Unstructured Text Analysis for Real World Data
The challenge of unstructured data is even greater in the world of research with the use of Real World Data (RWD). In Brazil, among other places, the lack of a standard for interoperability and data collection generates a lot of unstructured data: field reports, doctors’ notes and even laboratory test results. This slows down the research and analysis process for providers like Grupo Oncoclinicus. Founded in 2010, Grupo Oncoclinicas is the largest private sector cancer treatment provider in Brazil, with 129 units in 33 cities, including clinics, genomics and pathology laboratories, and integrated cancer treatment centers.
With the help of DataSide, a Microsoft partner in Brazil, OncoClínicas for Health uses Microsoft Text Analytics to extract data from unstructured fields such as medical notes, anatomical pathology, and genomic and imaging reports such as MRIs. These data are then used for various use cases, such as clinical trial feasibility, better understanding of scenarios for pharmacoeconomics, and deeper understanding of group epidemiology and outcomes of interest.
“Text Analytics for Health was a turning point for Grupo Oncoclinicus in scaling our processes and structuring our clinical notes, exam reports and field analysis, which previously only relied on manual curation. It is important to have a solution that works in Portuguese – most global solutions only cater to English, thus neglecting other languages. The accuracy in native Portuguese allowed us to maintain a high level of accuracy when parsing unstructured text.—Marcio Guimarães Souza, Head of Data and AI at Grupo Oncoclinicus.
Analysis and Structure of Fast Healthcare Interoperability Resources (FHIR®)
Italian Vita-Salute San Rafael University and IRCCS San Rafael Hospital leverage Microsoft Artificial Intelligence (AI) services to create future healthcare. With text analytics for healthcare, hospitals can categorize, standardize, and analyze the vast amounts of clinical data available in a hospital to create an innovative digital platform for data management. With this platform, hospital doctors can access critical clinical information about their patients and provide more personalized care. One of the use cases currently being developed with this data platform is to enable the selection of patients eligible for immunotherapy for non-small cell lung cancer. Medical staff can leverage the analytics of AI solutions to increase therapy success rates by matching relevant treatments with the most eligible patients.

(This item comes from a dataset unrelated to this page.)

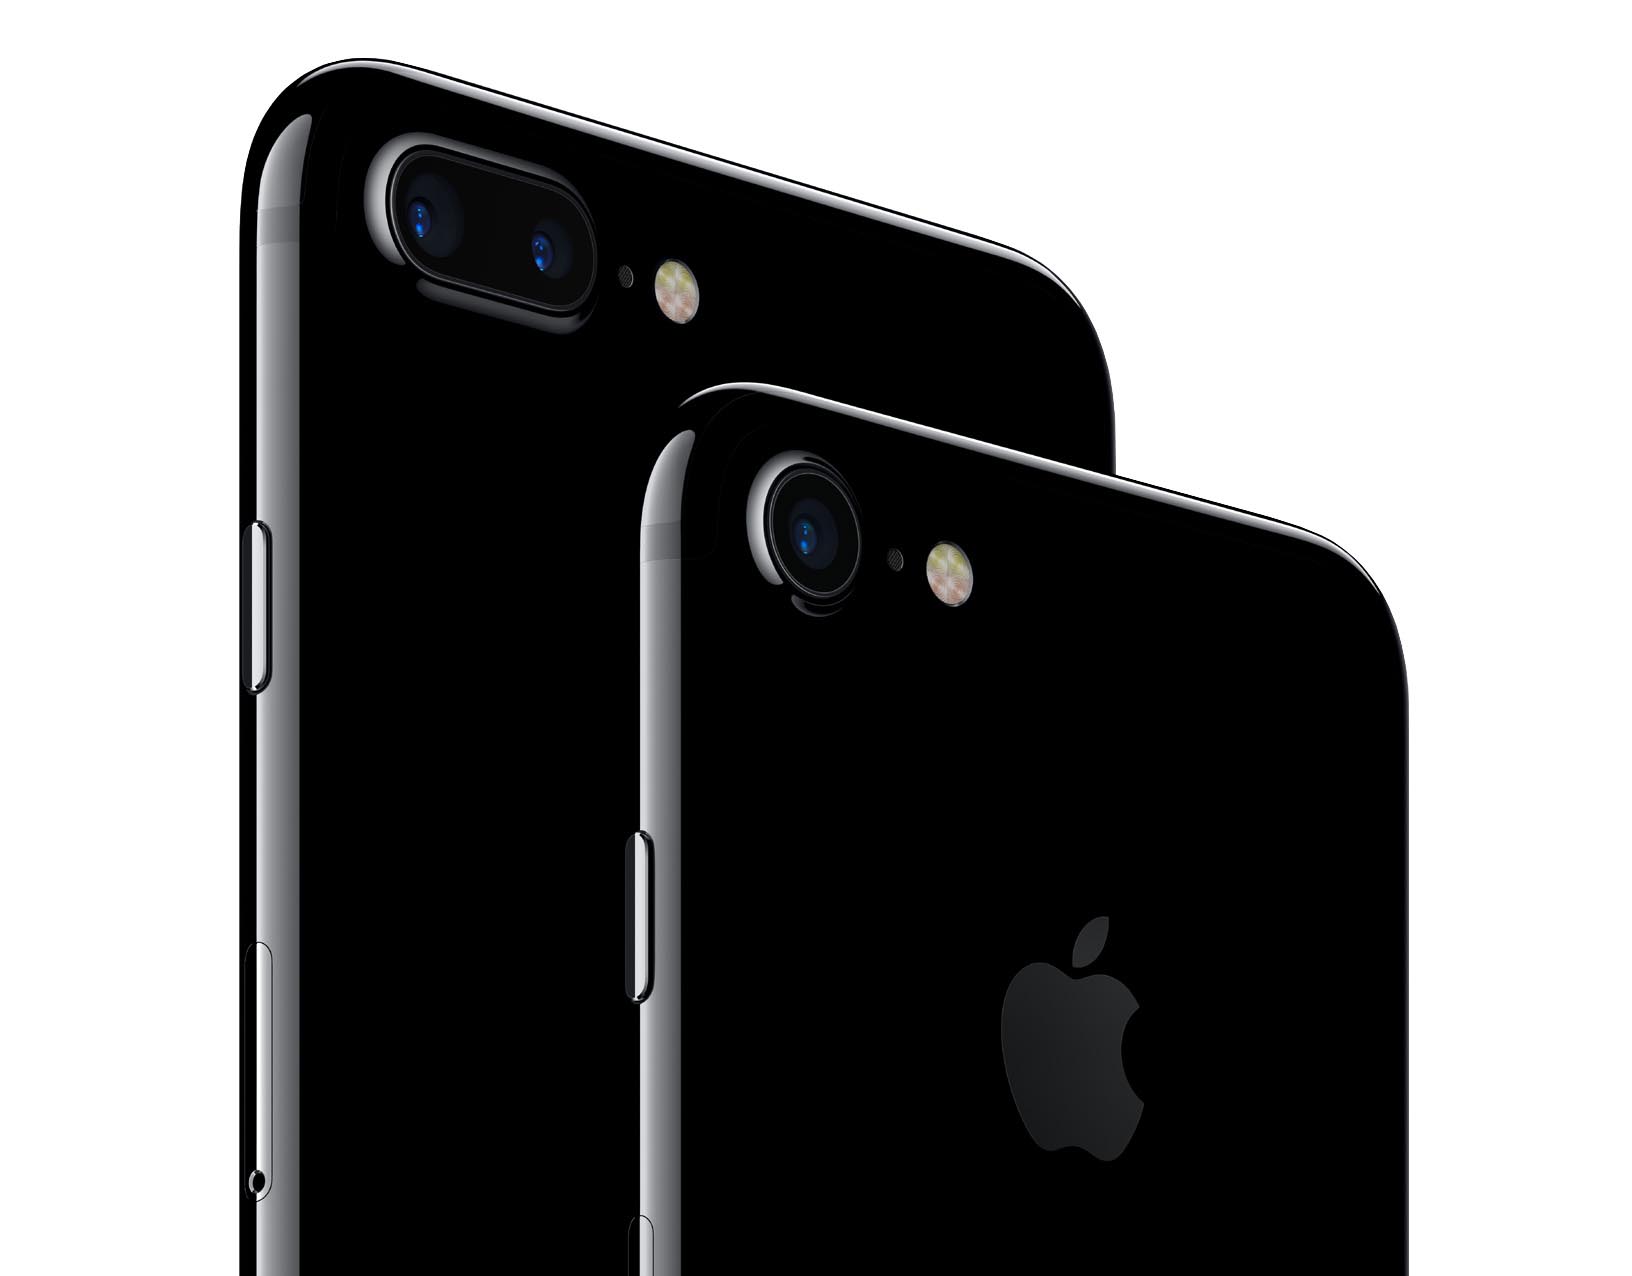 iPhone 7 Matte and Jet Black Models

“Text Analytics for Healthcare has been instrumental in analyzing the large amounts of unstructured clinical data we have at the hospital. We also harness the potential of the FHIR framework, which allows for greater interoperability with other hospital systems. With Text Analytics for Health available in Italian, we can now further expand our capabilities to provide the best possible care to our patients.
Do more with your data with Microsoft Cloud for Healthcare
With text analytics for health, healthcare organizations can transform their patient care, discover new insights, and harness the power of machine learning and AI by taking advantage of unstructured text. Microsoft is committed to providing technology that enables your data to power the future of healthcare innovation with new features in Microsoft Cloud for Healthcare.
We look forward to being your partner in building the future of healthcare.